ORIGINAL: After a lot of research, I found a CLI solution and wanted to share my findings here (if you're looking for an app to handle this for you, I've had really good luck with Audiobook Binder, which can merge mp3s, m4as, and m4bs into a single m4b with very high efficiency).

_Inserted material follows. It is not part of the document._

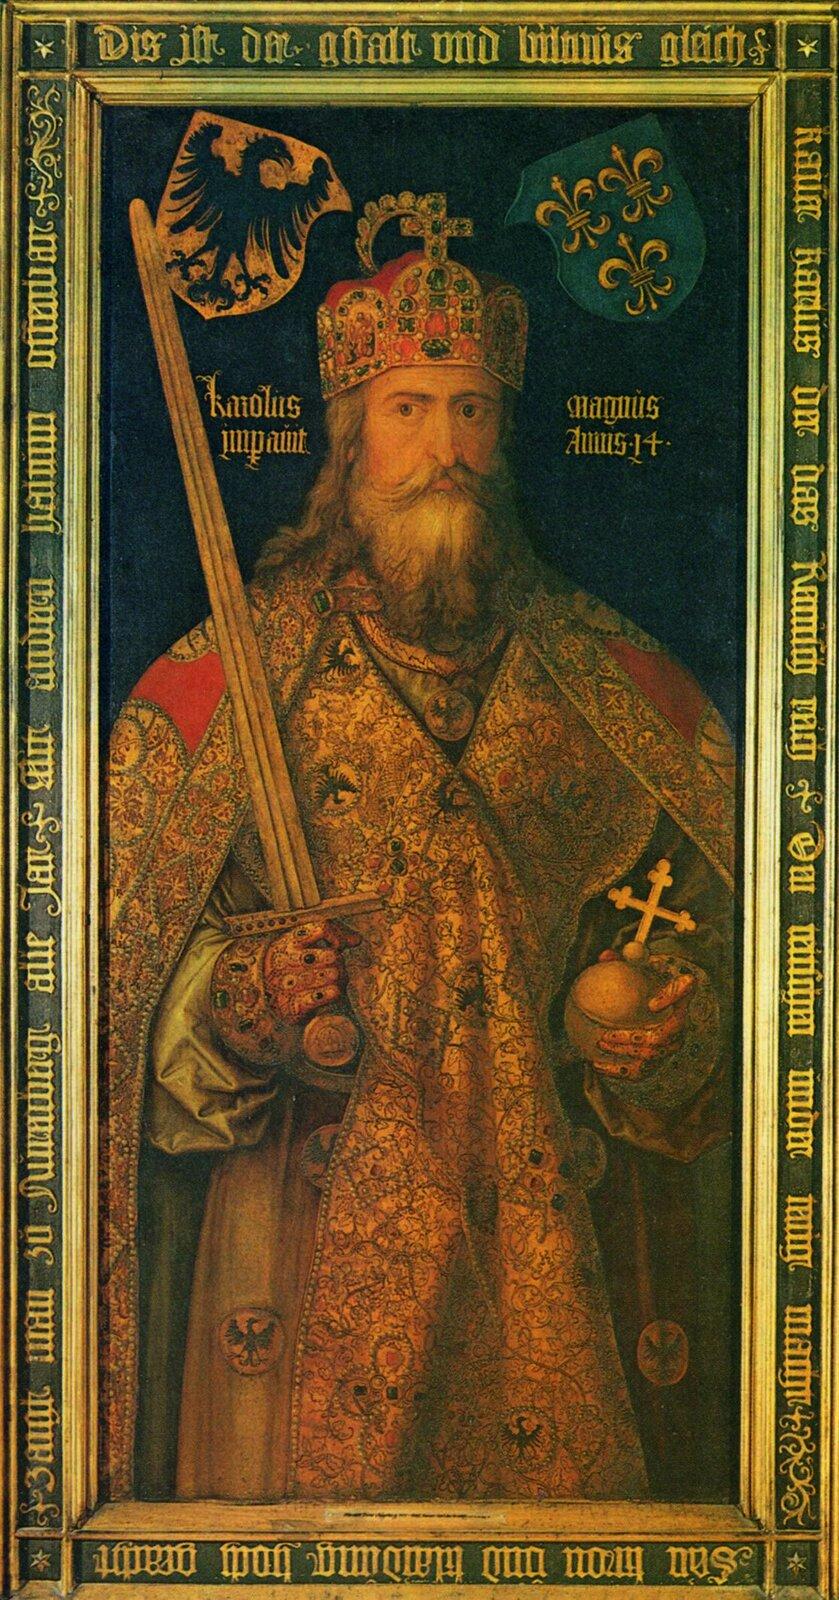 Cesarz Karol Wielki Karol Wielki stworzył pierwsze europejskie imperium średniowiecza iw800 roku został cesarzem. Źródło: Albrecht Dürer, Cesarz Karol Wielki, 1511–1513, olej na desce, Germanisches Nationalmuseum, domena publiczna.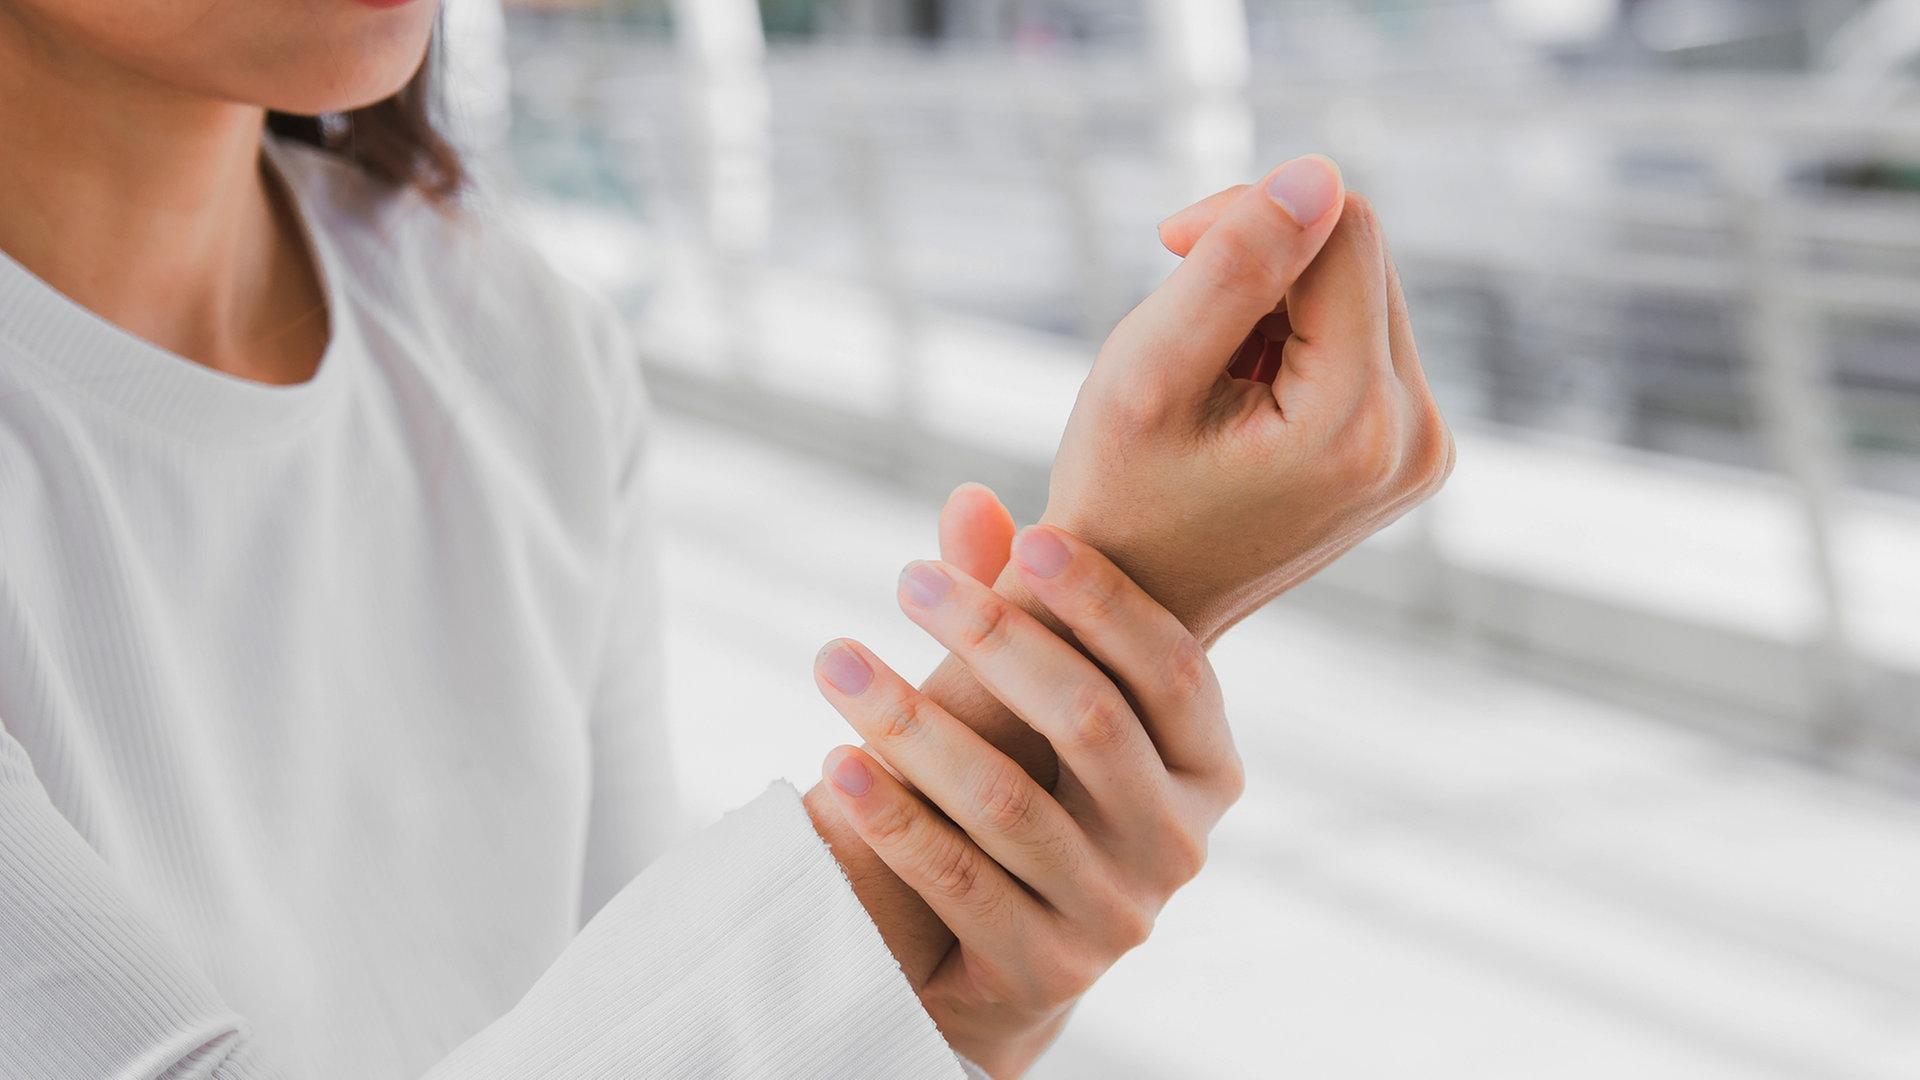 Ohne finger schmerzen brechen knochen brechen

The general idea of the process is to:

  • Combine the separate mp3s into a single mp3
  • Convert the combined mp3 into an m4a using afconvert (AFAIK mac-only) to reduce the amount of filesize increase from converting the mp3's to an m4a by utilizing the itunes plus commands (stackexchange topic; apple docs) (my attempts at using ffmpeg for this part resulted in huge file size bloat or long processing times)
    • Note that there is still some file size bloat because the command I used to turn the caf > m4a drops the -u pgcm 2 parameter because it resulted in errors (Couldn't set audio converter property ('prop'))
  • Generate an FFMETADATA file (more info) using a python script (inspired by this) to facilitate the conversion of an m4a to m4b and preserve chapters.
  • Combine the m4a and FFMETADATA file into an m4b

Prereqs:

  • Order your mp3 files in a directory for just that audiobook (ex. 00 - Chapter 1.mp3, 01 - Chapter 2.mp3, etc)
  • Python3 (brew install python if you dont have it)
  • FFMPEG (brew install ffmpeg if you don't have it)
  • AFConvert (pre-installed on osx)

Steps:

  1. Save the below python script to a file then execute it. Supply the audiobook directory that your mp3s are in. If you followed the ordering example above, the "enumeration separator" would be " - " (enter into the command without quotes)
import re
import glob
from mutagen.mp3 import MP3
import os
import datetime
from pprint import pprint

chapterFileName = "chapters.txt"
metadataFileName = "FFMETADATAFILE"

def main():
   global chapterFileName
   global metadataFileName

   print("This script will help generate an FFMETADATA file to facilitate\nconverting an .m4a to a .m4b file")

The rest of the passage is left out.